2. Contract Alignment Matrix

For each endpoint:

Endpoint	Spec Ref	Impl Ref	Tests Ref	Status
GET /users	paths./users.get	user_router.py:45	test_users.py:12	aligned
POST /users	paths./users.post	user_router.py:78	—	untested

Status values:

aligned | partially_aligned | misaligned | unverifiable

3. Findings

Each finding must include:

Severity:

must_fix | strongly_recommended | discuss

Category: Which audit axis (A1-A10)
Endpoint(s) affected
File references
Evidence
Actionable recommendation

4. Test Gap Assessment

What is proven by unit tests
What cannot be proven without integration tests
Minimum required integration tests to establish confidence

5. Verdict

PASS: No
```
must_fix
```
and no
```
misaligned
```
endpoints
FAIL: Any
```
must_fix
```
or
```
misaligned
```
endpoint

Mandatory Audit Axes

Explicitly evaluate each axis.

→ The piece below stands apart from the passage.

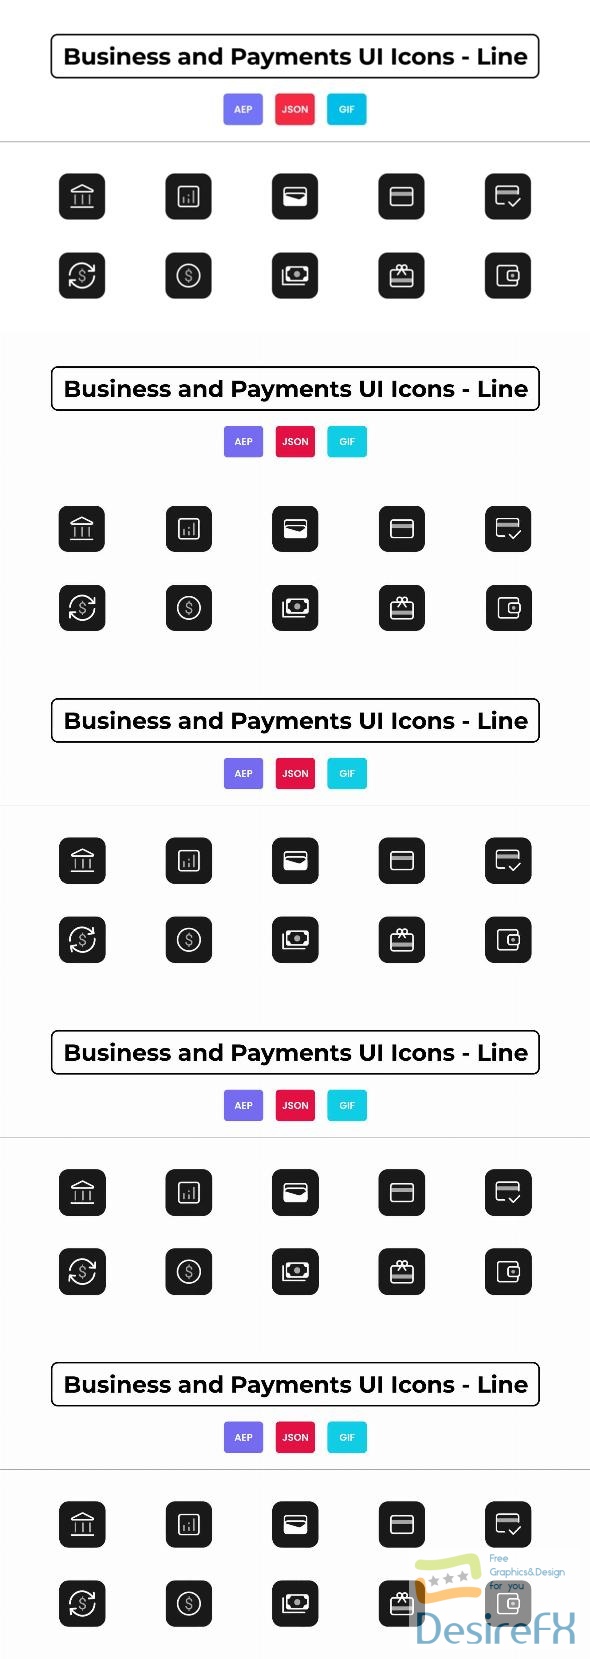 VideoHive Business and Payments UI Icons - Line 44836383

If not applicable, say why.

A1: OpenAPI Contract Correctness & Drift

Does the OpenAPI spec reflect actual API behavior?
Are operationIds stable and meaningful?
Are schemas precise (required fields, formats, nullability)?
Are error responses specified and accurate?
Are examples present and representative?

Flag: spec drift, underspecified schemas, missing error models

A2: Endpoint Behavior & Outcome Verification

For each endpoint:

Does it produce the expected domain outcome, not just a response?
Are side effects correct (create/update/delete/idempotency)?
Are status codes correct and consistent?
Are edge cases handled (empty, invalid, not found, conflict)?

Flag: wrong status codes, incorrect behavior, missing edge cases

A3: Request Validation & Error Semantics

Is input validation explicit and consistent?
Are validation errors structured and stable (machine-readable)?
Are error codes/messages consistent across endpoints?
Clear distinction between 4xx (client) vs 5xx (server) vs 409 (conflict)?
Are errors ever swallowed or turned into "200 with error payload"?

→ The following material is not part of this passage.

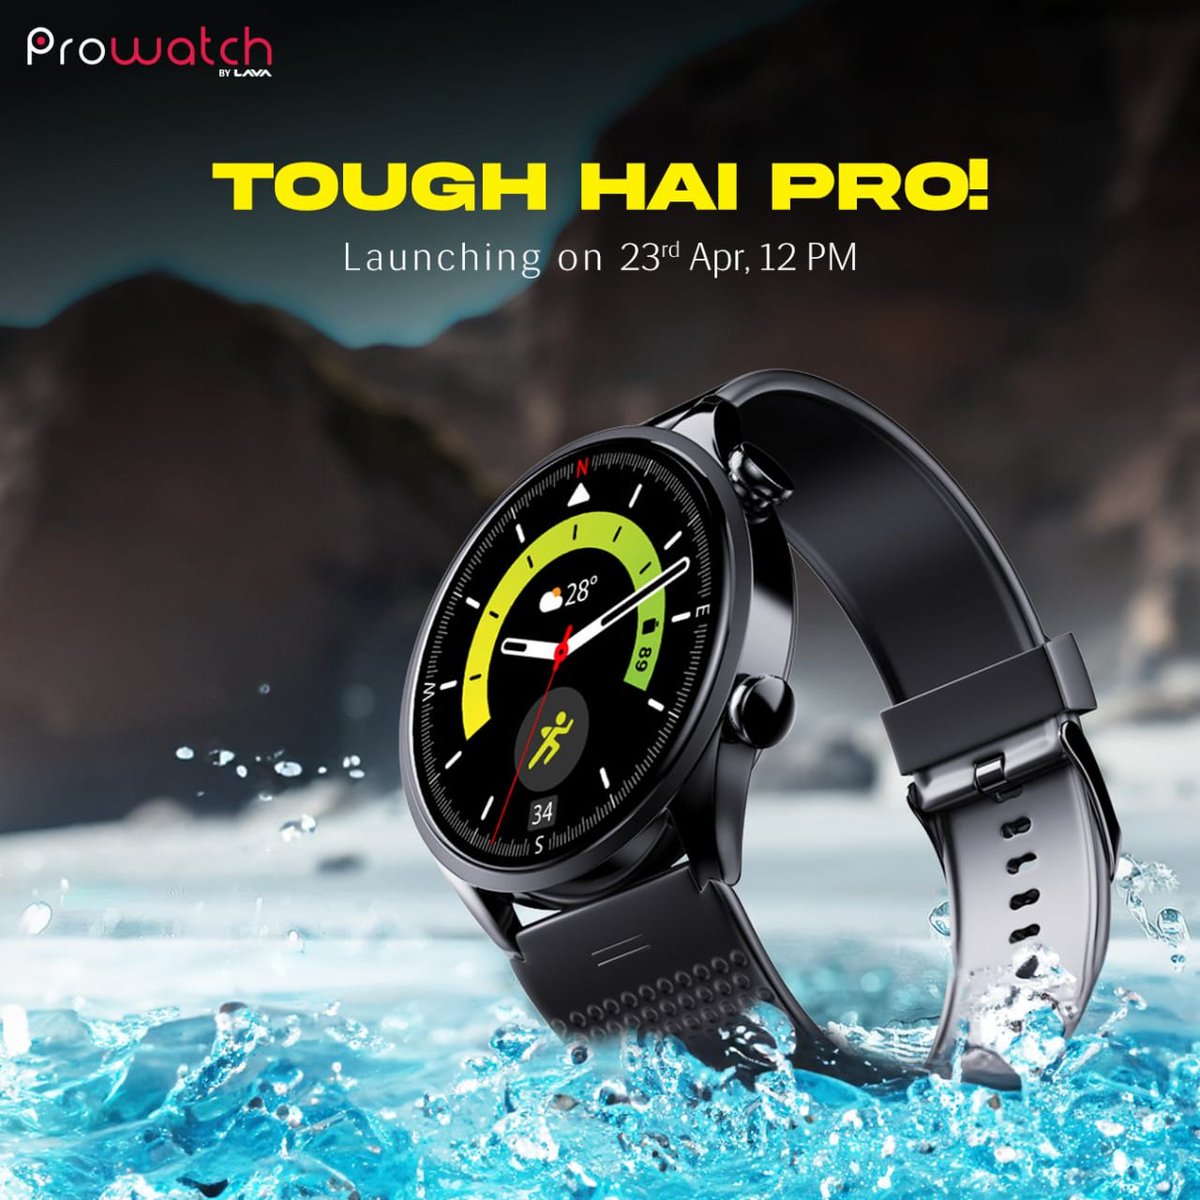 The future of watches is here! 🌟 #ProwatchLaunchTomorrow is arriving on April 23rd, showcasing breakthrough technology like Gorilla Glass 3 protection and advanced sensors. Brace yourself for the ultimate wearable experience!

Flag: inconsistent error shapes, silent failures, leaking internal details

A4: Authentication, Authorization, and Tenant Boundaries

Are endpoints protected appropriately?
Are authorization rules enforced server-side?
Are tenant boundaries enforced (if multi-tenant)?
Is identity propagated and validated correctly?

Flag: auth bypass risk, missing authorization checks, privilege escalation

A5: Pagination, Filtering, Sorting, and Field Selection (HIGH SCRUTINY)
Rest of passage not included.